US: existing state growth is expected to be
in-line with Investor Day commentary. This growth is from a larger
underlying business in 2024 than originally outlined at our
Investor Day, driven by greater than anticipated growth subsequent
to that event:
- Existing state
revenue and Adjusted EBITDA expected mid-points of $7.72bn and
$1.4bn, representing year-over-year growth of 33% and 176%
respectively (22.5% revenue growth and 5.4 percentage points of
Adjusted EBITDA margin expansion on a normalized basis12)
|
- New state and
territory launches are expected to result in negative revenue of
$40m and an Adjusted EBITDA cost of $90m, based on a Q4 launch for
Missouri and an early 2026 launch now expected for Alberta,
Canada
|
|
Group ex-US:
- Revenue and
Adjusted EBITDA expected mid-points of $8.25bn and $1.85bn which
are in line with 2024 and represent growth of 6% and 10%
respectively, after adjusting for foreign currency headwinds at
current spot rates11 and the gross sports results benefit in 2024.
Guidance excludes the NSX and Snai acquisitions which are on track
for completion in Q2 2025
|
|
Peter Jackson, CEO, commented:
I am proud of the progress we made during 2024
as we delivered against our strategic priorities and enhanced our
leadership positions.
FanDuel remains America’s number one sportsbook
with its leading product maintaining a clear structural revenue
margin advantage over competitors.
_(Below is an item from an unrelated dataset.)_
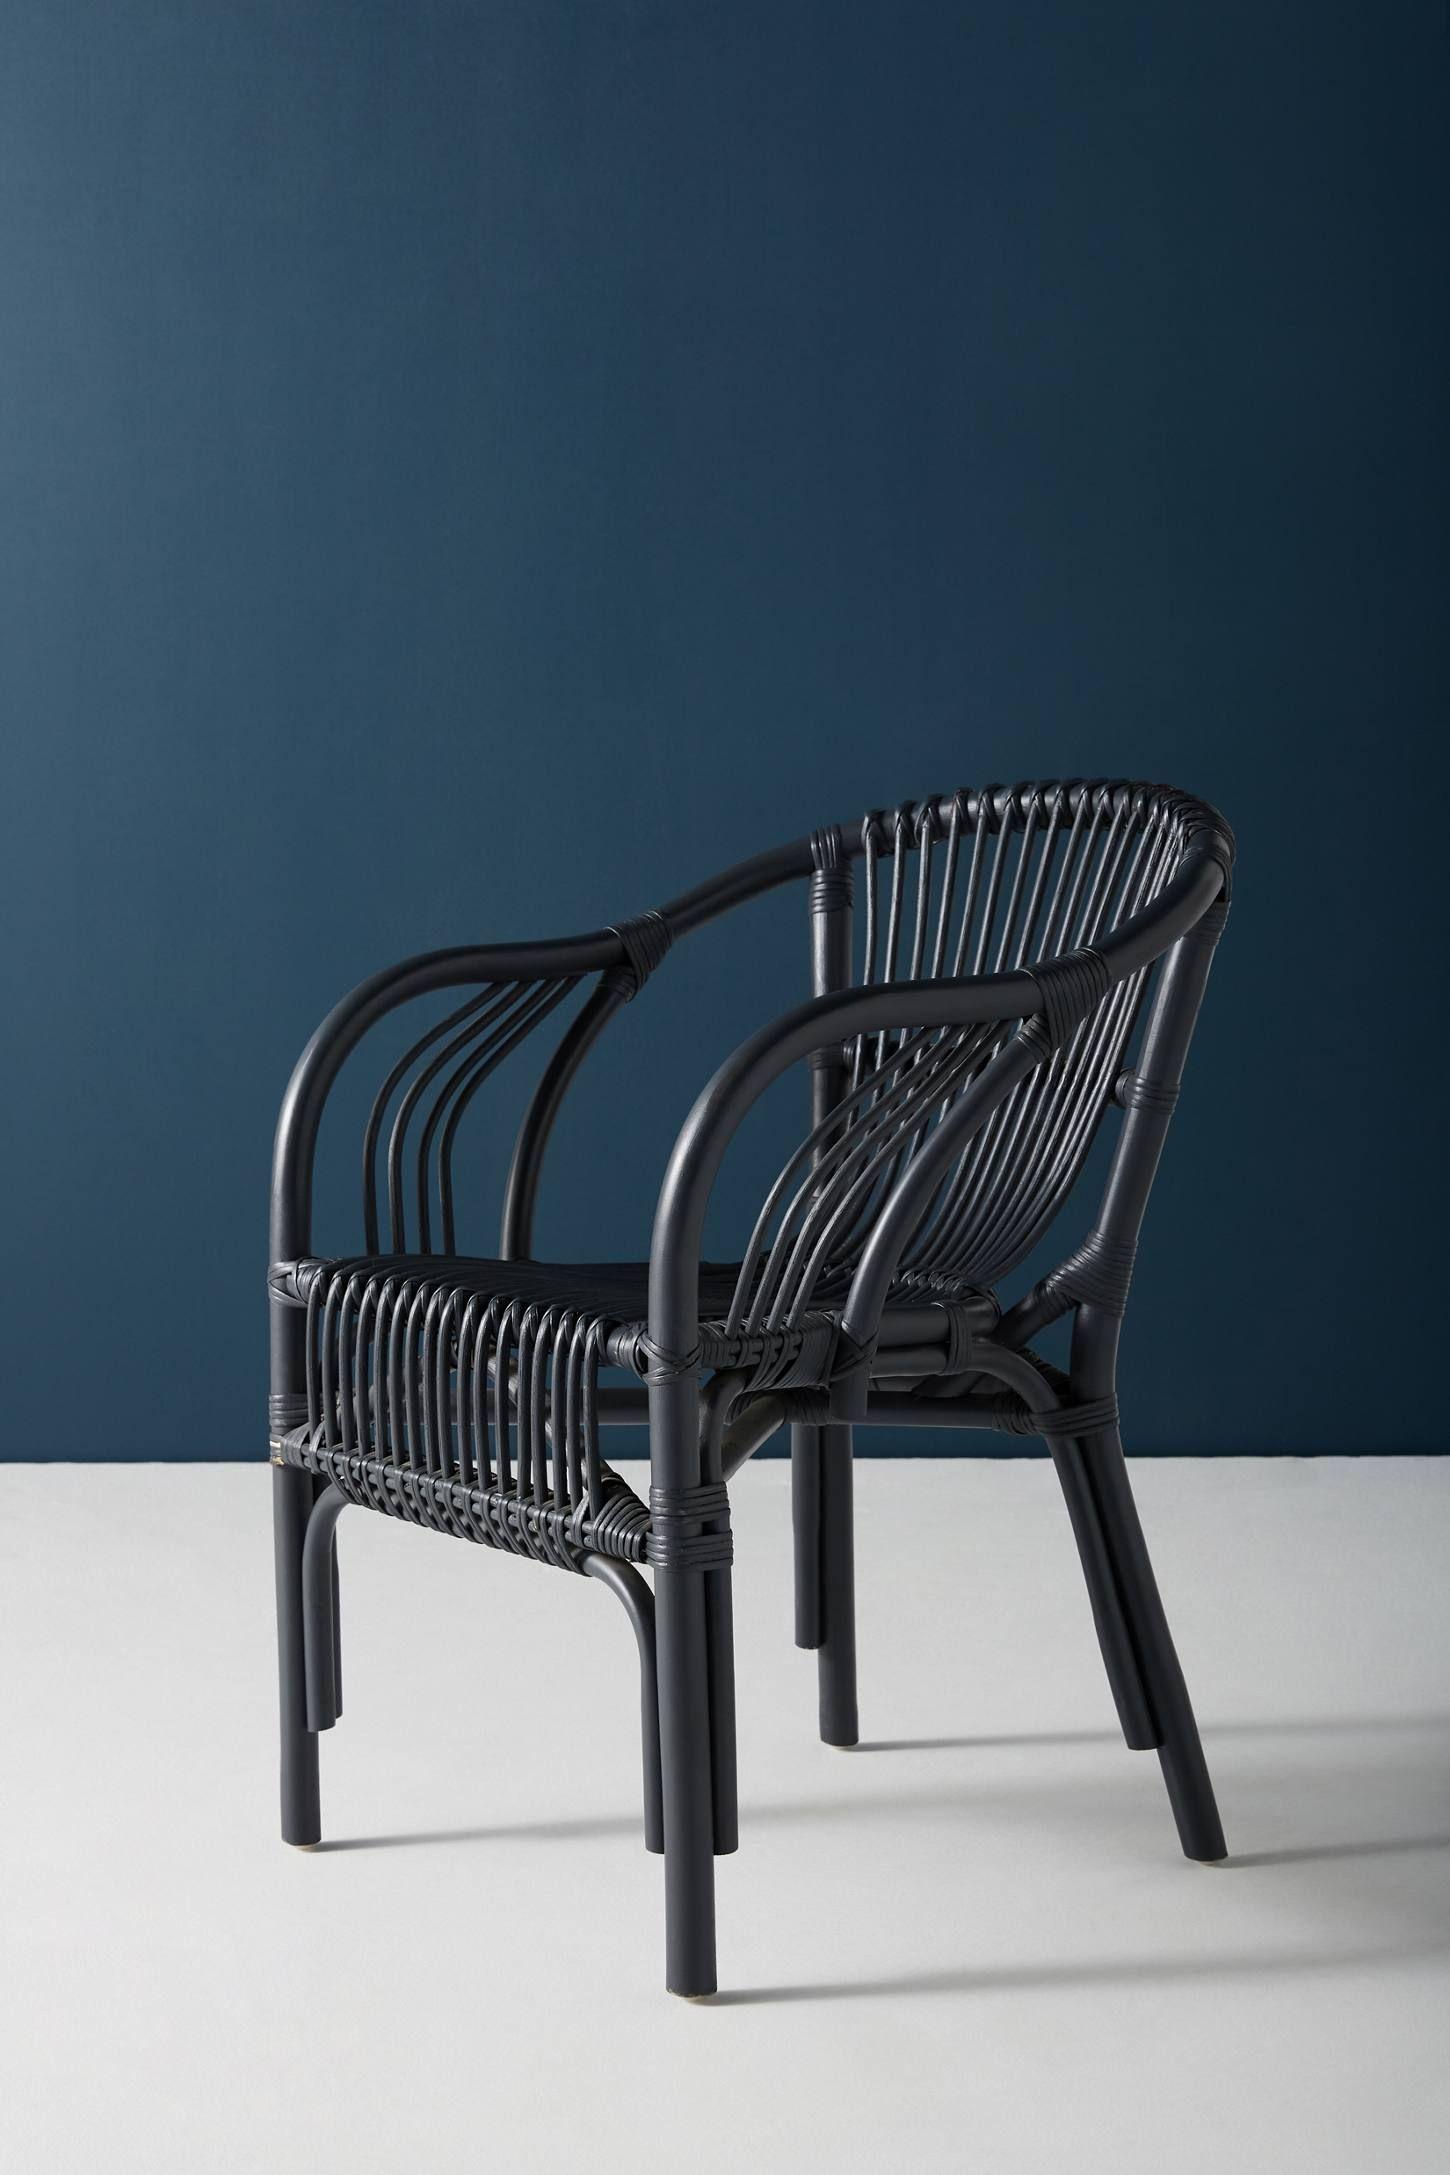 Pari Rattan Chair Rattan Chair Porch Chairs Chair

At the same time, excellent
execution secured a new number one spot for FanDuel Casino in
iGaming.
Outside of the US, our commitment to
first-to-market product innovation led to market share gains in key
markets including the UK and Italy, while in Australia, we saw
encouraging trends in our player base.
A key driver of our success has been the Flutter
Edge, our unique competitive advantage, which delivered innovative,
market-leading product propositions to 35m customers worldwide in
2024. We did this sustainably, with players using a Play Well tool
increasing since 2023. The launch of the Responsible Online Gaming
Association in the US was another big milestone, advancing industry
standards for both customers and operators.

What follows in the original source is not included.